<<<<
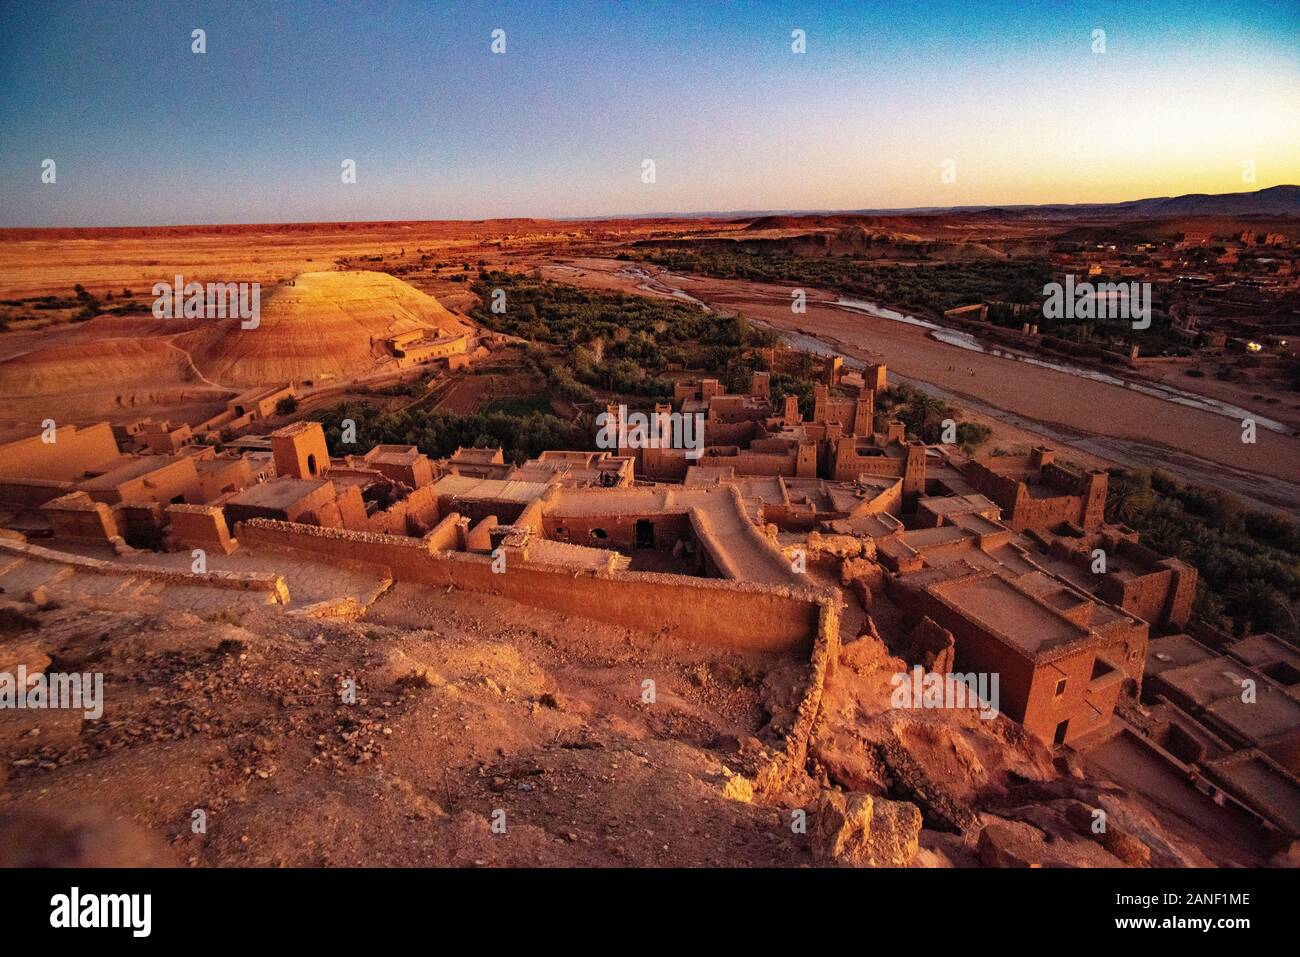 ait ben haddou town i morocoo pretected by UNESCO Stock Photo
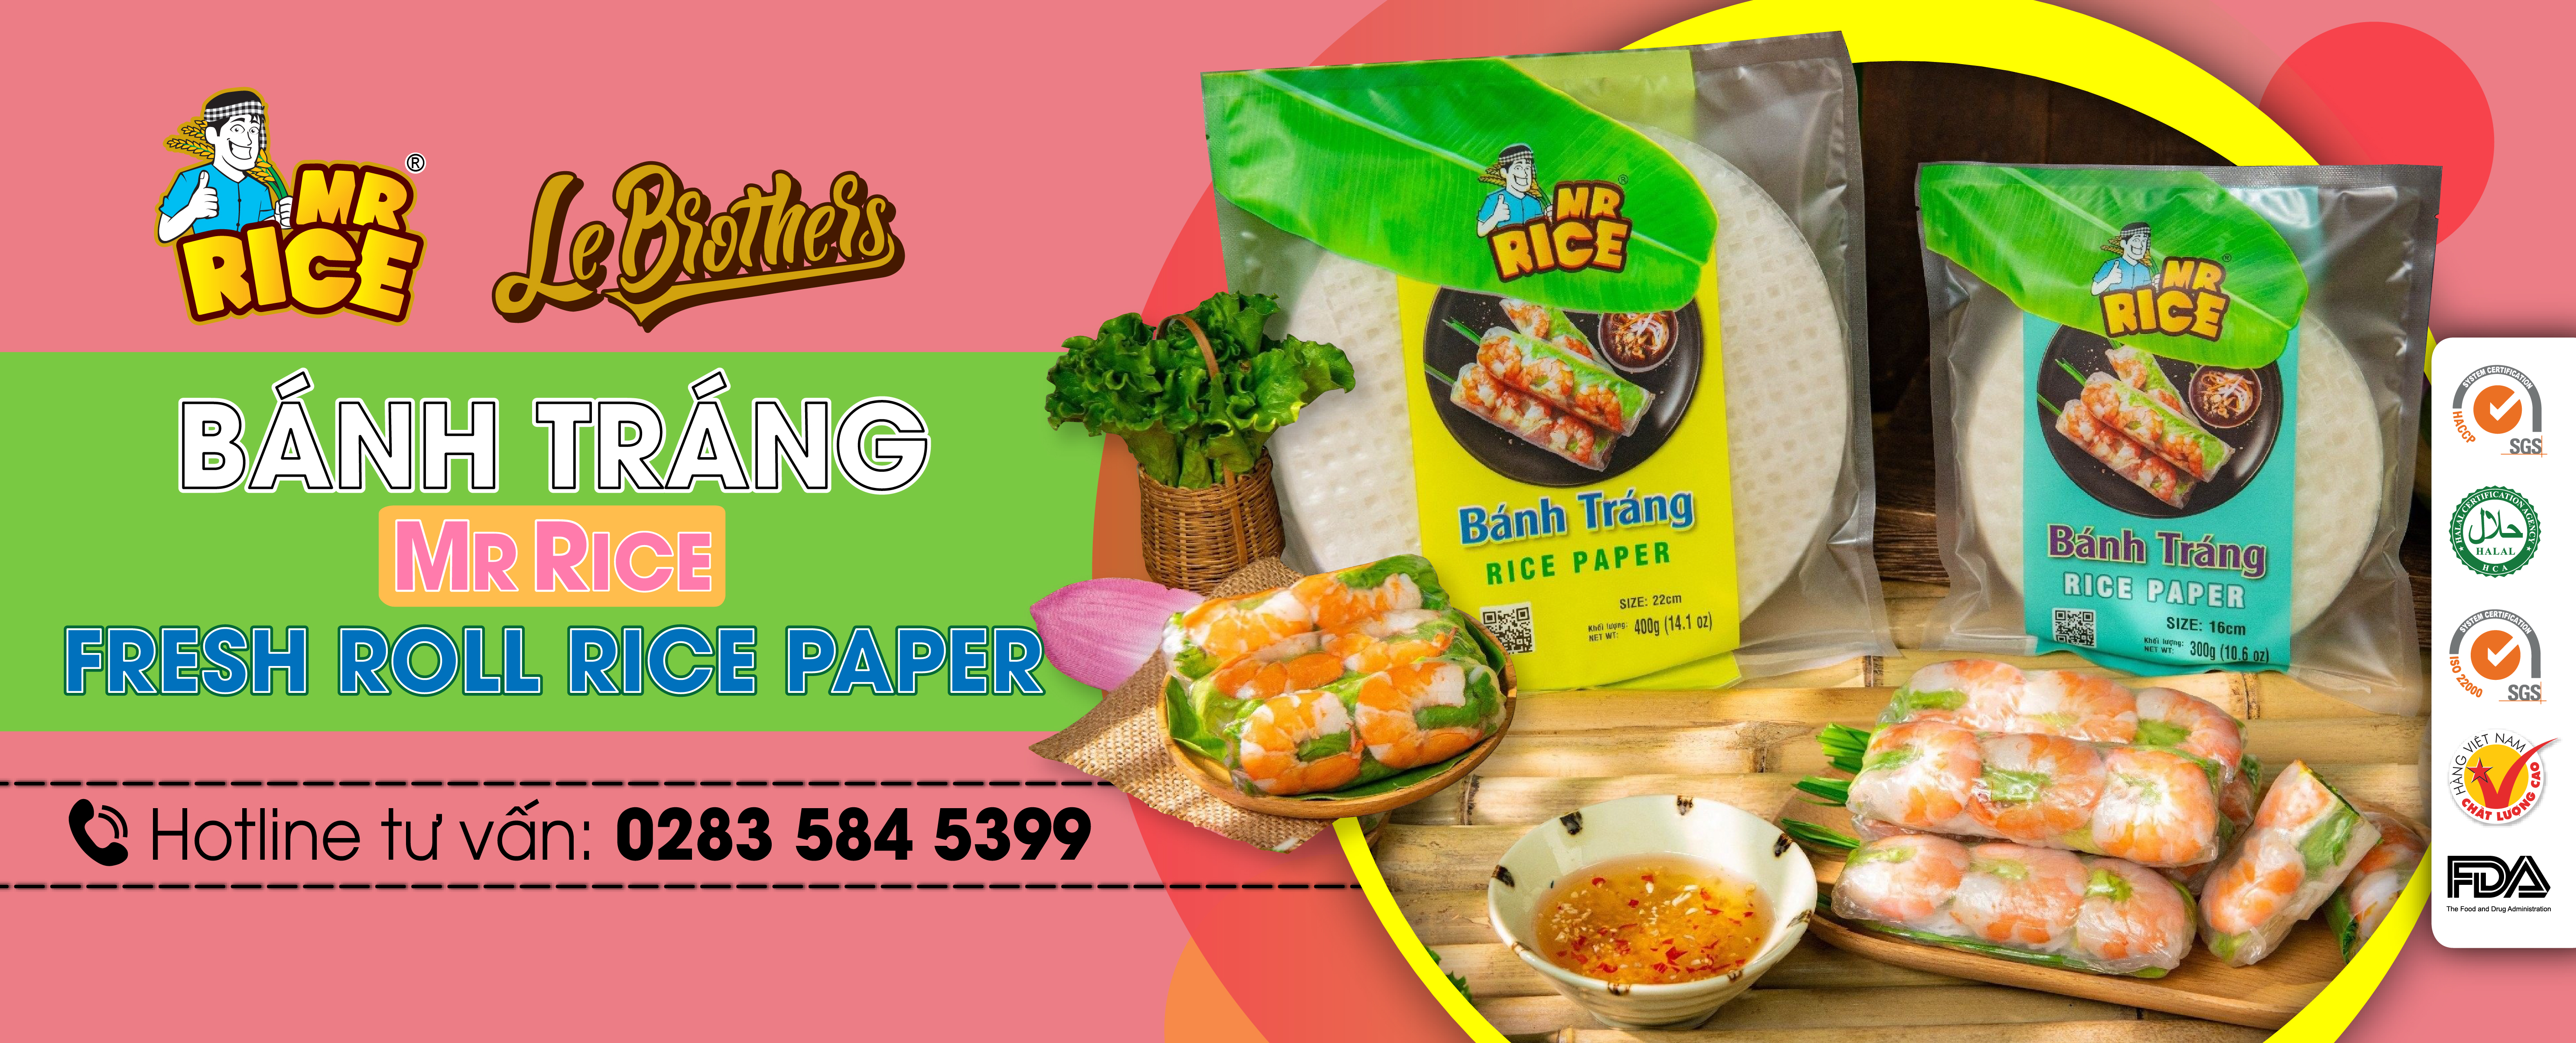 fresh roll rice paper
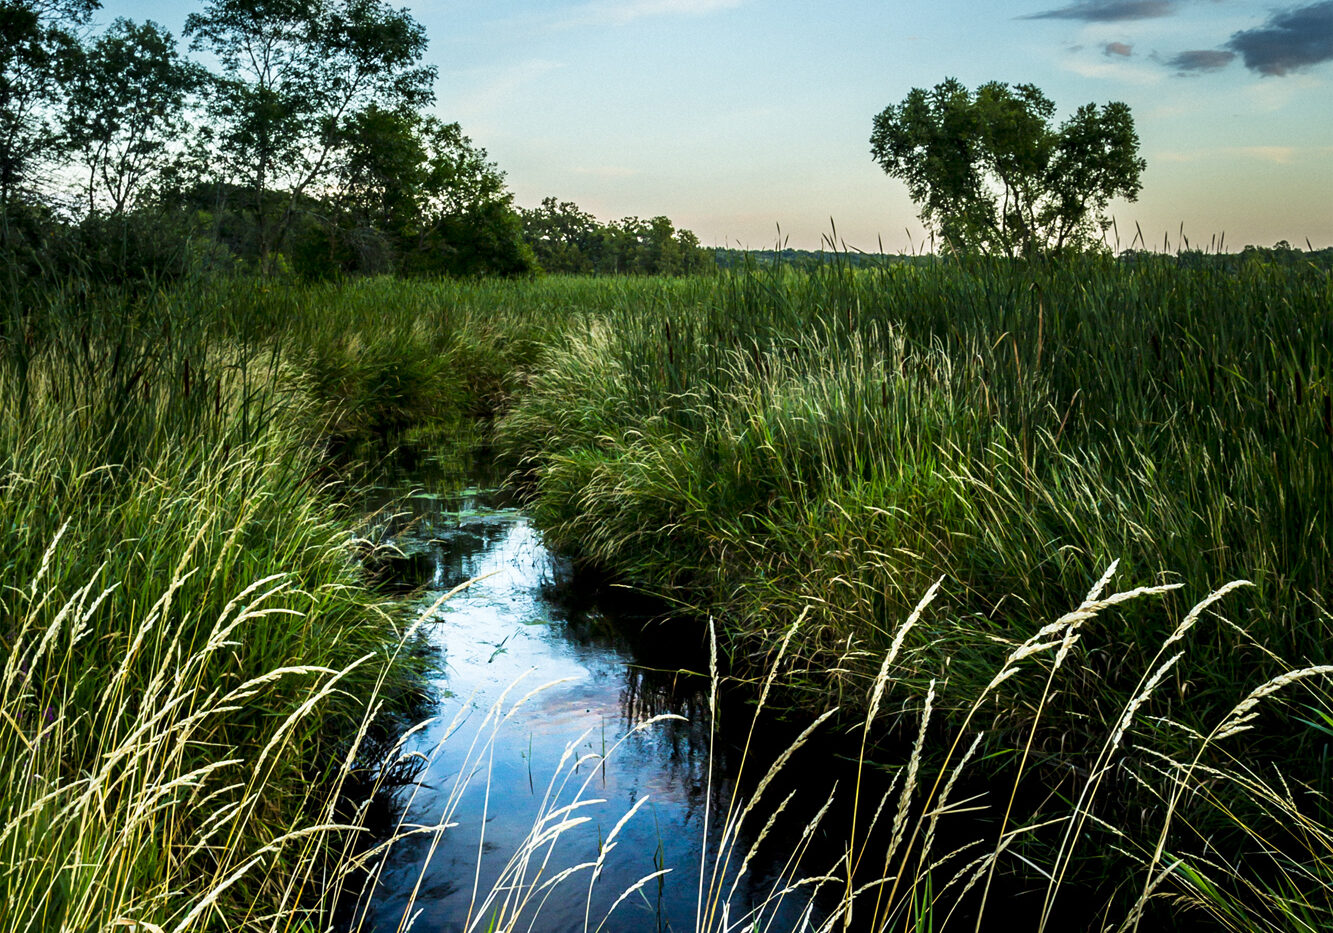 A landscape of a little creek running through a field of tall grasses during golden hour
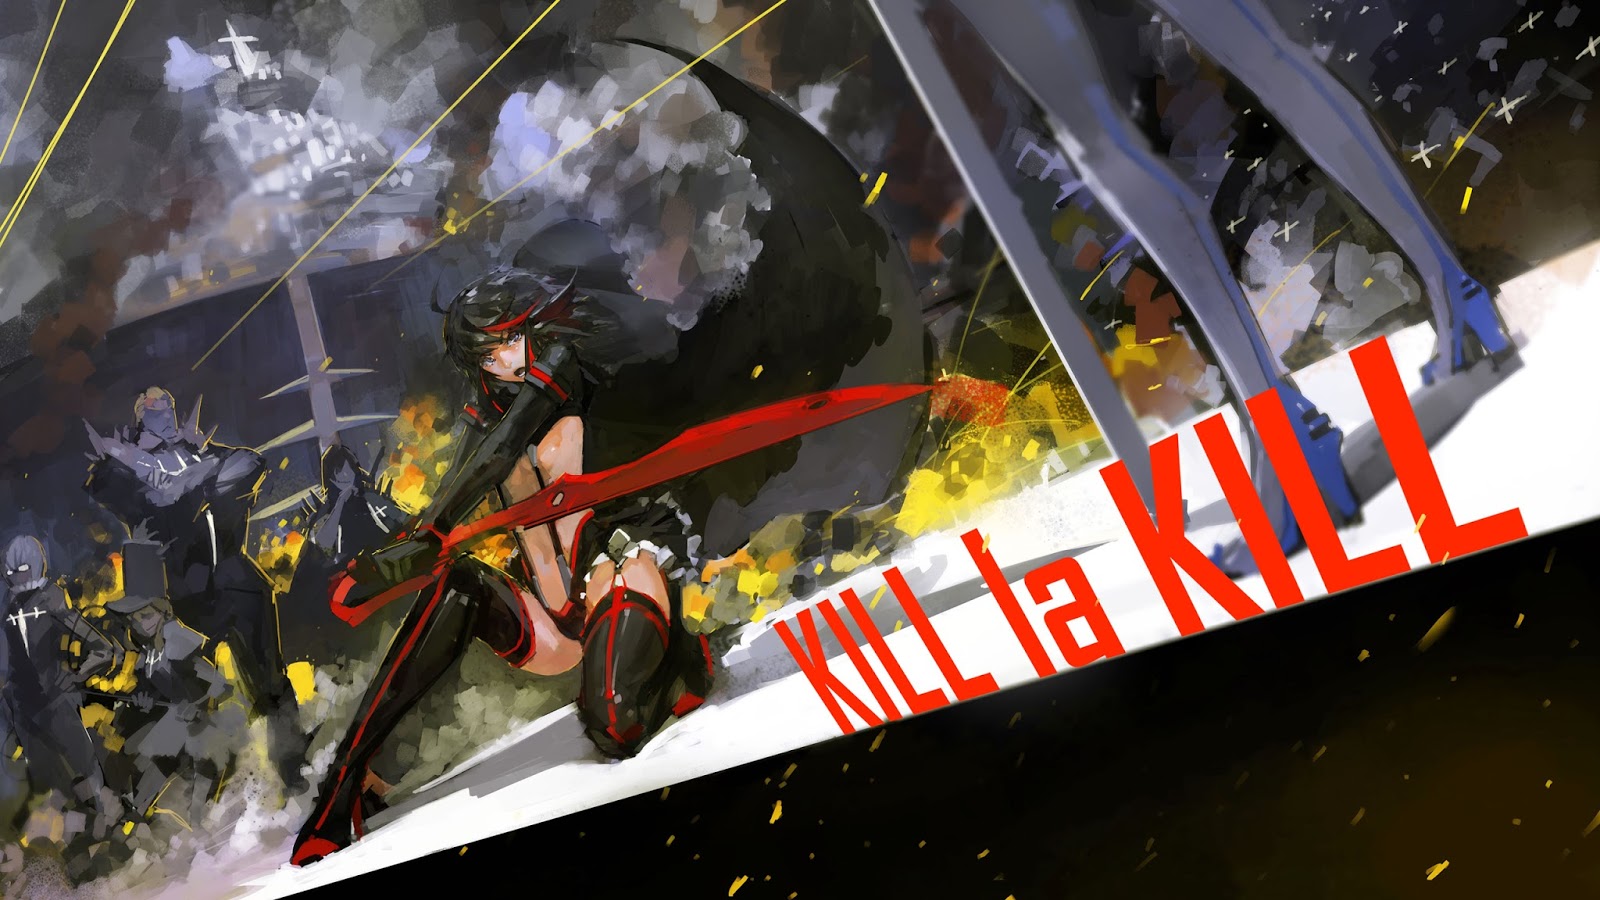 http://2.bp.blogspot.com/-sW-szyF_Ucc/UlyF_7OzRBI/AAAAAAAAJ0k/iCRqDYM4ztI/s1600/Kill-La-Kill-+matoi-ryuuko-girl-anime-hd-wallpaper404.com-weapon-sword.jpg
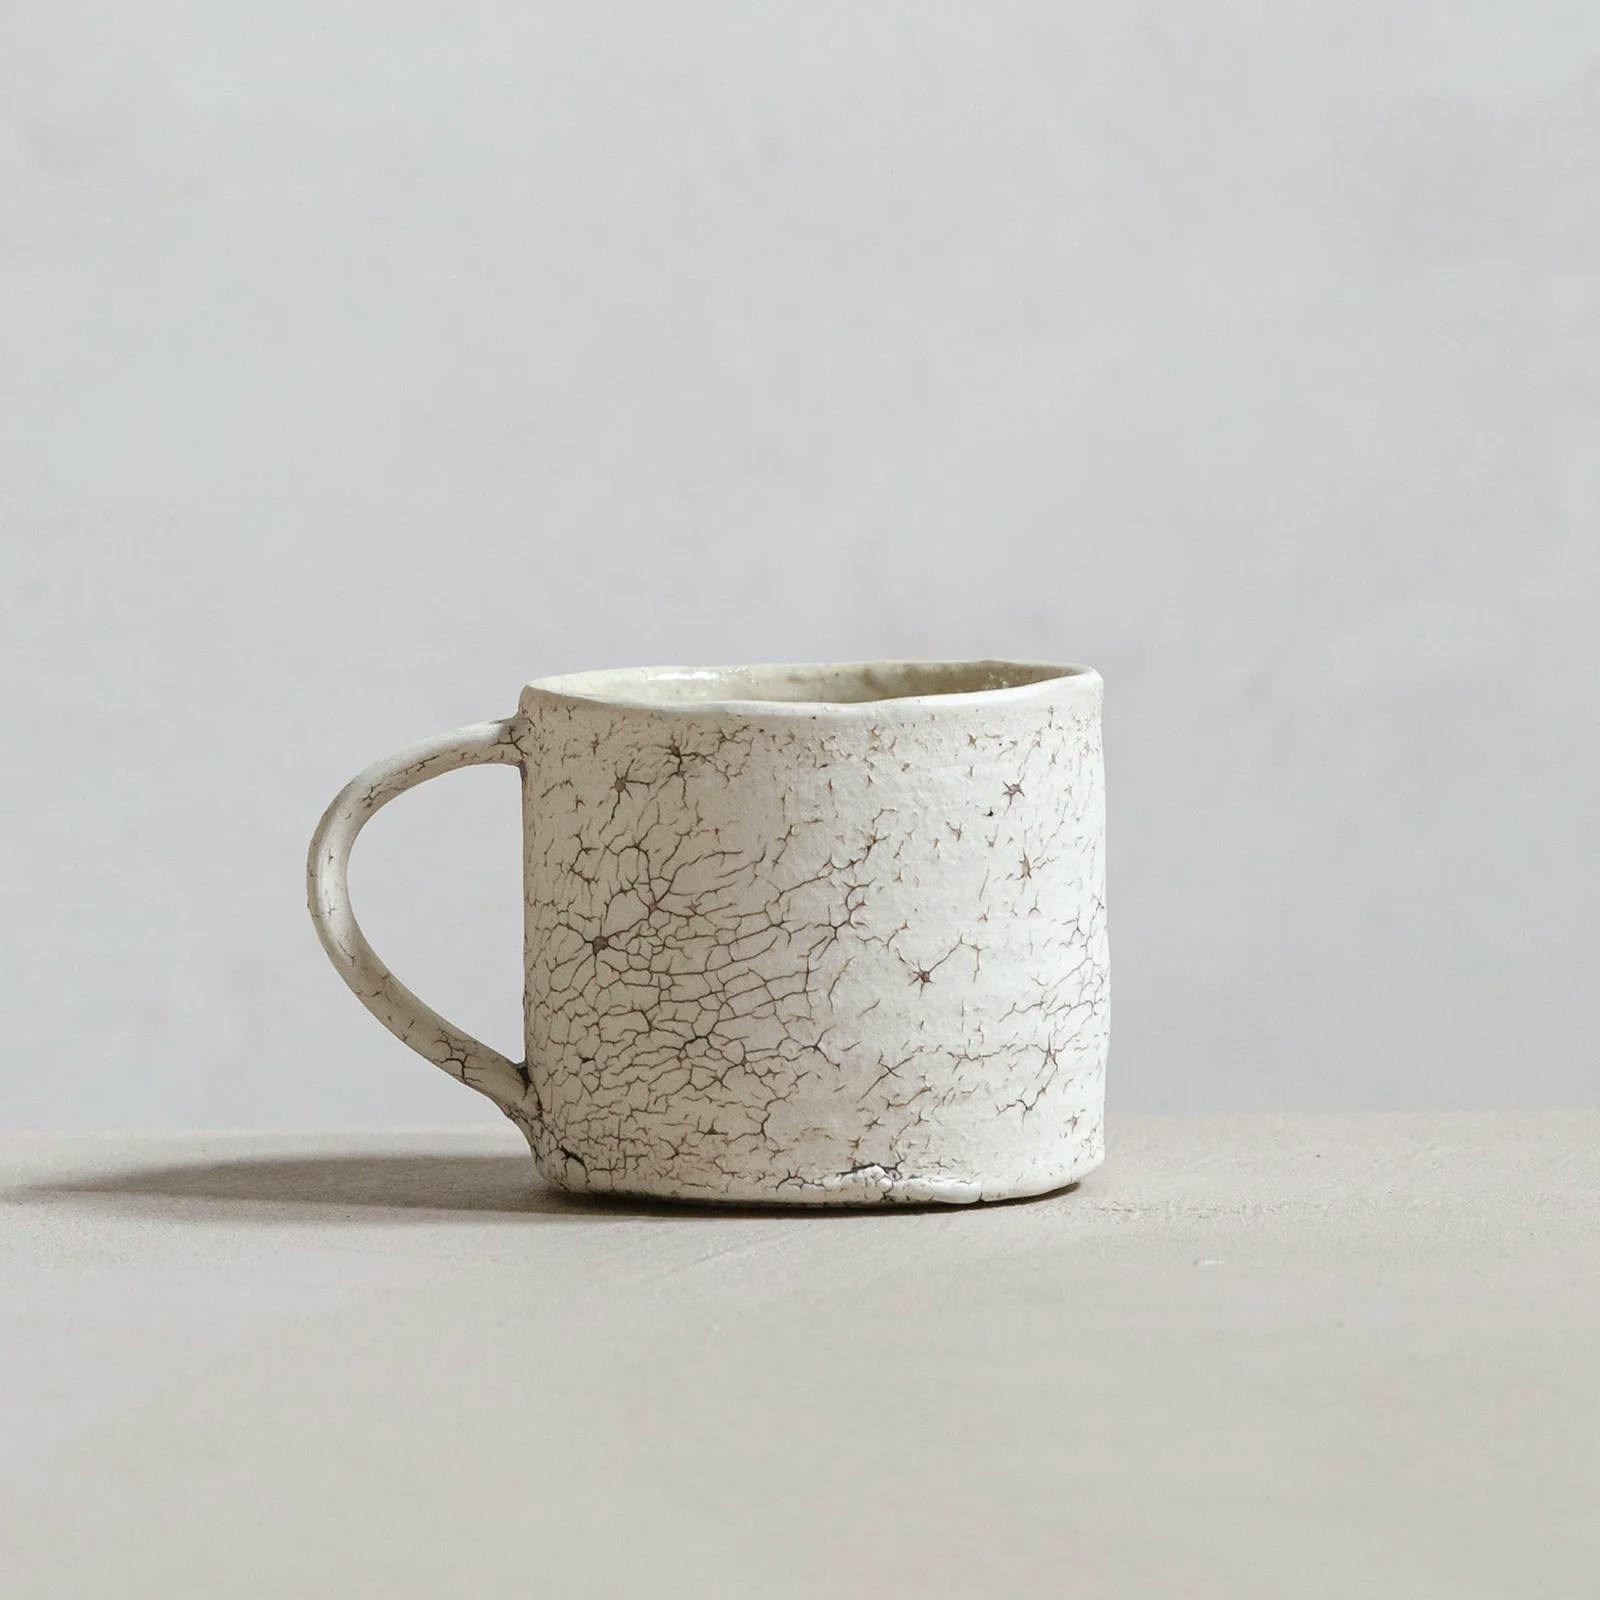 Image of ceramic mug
>>>>
## Task objective
Return only the lines from the one that contains "fresh roll rice paper" through the closing line of the data, inclusive, reproduced exactly and with every picture left out.

## Finished task
 fresh roll rice paper
 A landscape of a little creek running through a field of tall grasses during golden hour
 http://2.bp.blogspot.com/-sW-szyF_Ucc/UlyF_7OzRBI/AAAAAAAAJ0k/iCRqDYM4ztI/s1600/Kill-La-Kill-+matoi-ryuuko-girl-anime-hd-wallpaper404.com-weapon-sword.jpg
 Image of ceramic mug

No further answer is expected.